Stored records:
╔══
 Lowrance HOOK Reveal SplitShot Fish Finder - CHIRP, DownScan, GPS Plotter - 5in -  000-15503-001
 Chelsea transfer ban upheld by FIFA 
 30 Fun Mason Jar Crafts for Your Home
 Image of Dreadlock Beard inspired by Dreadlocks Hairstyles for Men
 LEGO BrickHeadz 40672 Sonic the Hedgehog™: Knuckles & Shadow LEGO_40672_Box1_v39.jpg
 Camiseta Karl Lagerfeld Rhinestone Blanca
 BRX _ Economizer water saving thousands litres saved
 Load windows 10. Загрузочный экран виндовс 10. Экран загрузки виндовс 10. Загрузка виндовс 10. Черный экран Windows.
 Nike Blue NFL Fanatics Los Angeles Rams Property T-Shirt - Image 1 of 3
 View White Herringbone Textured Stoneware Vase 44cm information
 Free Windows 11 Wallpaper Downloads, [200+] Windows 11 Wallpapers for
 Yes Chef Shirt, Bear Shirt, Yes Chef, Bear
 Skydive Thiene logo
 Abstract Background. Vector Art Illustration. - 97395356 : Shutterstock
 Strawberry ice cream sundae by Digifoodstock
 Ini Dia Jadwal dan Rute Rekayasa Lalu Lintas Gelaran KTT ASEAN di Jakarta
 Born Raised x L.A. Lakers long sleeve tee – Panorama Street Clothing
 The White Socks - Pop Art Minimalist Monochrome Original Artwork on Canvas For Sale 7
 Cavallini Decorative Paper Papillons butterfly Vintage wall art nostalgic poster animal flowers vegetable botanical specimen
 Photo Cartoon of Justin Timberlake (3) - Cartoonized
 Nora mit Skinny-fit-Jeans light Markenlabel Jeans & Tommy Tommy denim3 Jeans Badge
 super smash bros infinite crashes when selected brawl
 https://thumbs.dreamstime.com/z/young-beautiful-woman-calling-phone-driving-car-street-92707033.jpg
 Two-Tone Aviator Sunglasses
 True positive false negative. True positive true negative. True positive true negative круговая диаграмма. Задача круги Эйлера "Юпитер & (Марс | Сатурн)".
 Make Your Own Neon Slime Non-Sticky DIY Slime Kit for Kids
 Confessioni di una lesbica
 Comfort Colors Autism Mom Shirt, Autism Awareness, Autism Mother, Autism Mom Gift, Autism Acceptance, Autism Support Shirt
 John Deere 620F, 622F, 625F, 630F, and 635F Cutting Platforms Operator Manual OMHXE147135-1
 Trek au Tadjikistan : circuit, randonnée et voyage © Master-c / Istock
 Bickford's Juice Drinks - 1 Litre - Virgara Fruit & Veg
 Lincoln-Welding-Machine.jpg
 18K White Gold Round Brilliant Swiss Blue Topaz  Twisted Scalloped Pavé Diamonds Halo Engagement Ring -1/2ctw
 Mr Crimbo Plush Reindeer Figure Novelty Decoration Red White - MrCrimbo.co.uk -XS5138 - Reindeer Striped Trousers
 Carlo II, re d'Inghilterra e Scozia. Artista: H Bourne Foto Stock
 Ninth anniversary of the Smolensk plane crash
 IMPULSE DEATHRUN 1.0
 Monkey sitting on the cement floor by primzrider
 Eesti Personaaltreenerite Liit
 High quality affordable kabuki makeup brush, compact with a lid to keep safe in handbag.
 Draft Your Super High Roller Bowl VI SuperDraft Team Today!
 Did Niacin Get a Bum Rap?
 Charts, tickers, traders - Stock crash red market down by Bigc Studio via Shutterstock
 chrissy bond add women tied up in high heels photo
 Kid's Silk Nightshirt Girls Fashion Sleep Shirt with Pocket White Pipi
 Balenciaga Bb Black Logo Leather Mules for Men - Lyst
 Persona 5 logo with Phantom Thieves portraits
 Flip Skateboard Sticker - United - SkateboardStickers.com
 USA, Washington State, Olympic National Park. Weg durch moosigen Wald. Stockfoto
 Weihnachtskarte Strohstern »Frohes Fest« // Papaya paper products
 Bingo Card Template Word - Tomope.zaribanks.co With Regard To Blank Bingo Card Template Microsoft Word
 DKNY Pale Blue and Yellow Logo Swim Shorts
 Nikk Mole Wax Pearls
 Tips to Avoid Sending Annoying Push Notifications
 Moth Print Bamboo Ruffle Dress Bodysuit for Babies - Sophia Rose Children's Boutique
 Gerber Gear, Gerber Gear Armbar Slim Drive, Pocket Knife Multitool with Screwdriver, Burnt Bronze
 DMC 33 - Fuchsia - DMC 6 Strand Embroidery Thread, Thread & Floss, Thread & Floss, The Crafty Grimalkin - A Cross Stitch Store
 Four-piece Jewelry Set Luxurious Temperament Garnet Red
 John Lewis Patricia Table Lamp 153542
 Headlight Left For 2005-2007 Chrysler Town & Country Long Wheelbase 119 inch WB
╚══
■ TASK TO CARRY OUT:
Only these lines should appear in the reply: the one containing "DMC 33 - Fuchsia", the last line of the data, and all lines between them, each copied exactly.

■ TASK ANSWER:
 DMC 33 - Fuchsia - DMC 6 Strand Embroidery Thread, Thread & Floss, Thread & Floss, The Crafty Grimalkin - A Cross Stitch Store
 Four-piece Jewelry Set Luxurious Temperament Garnet Red
 John Lewis Patricia Table Lamp 153542
 Headlight Left For 2005-2007 Chrysler Town & Country Long Wheelbase 119 inch WB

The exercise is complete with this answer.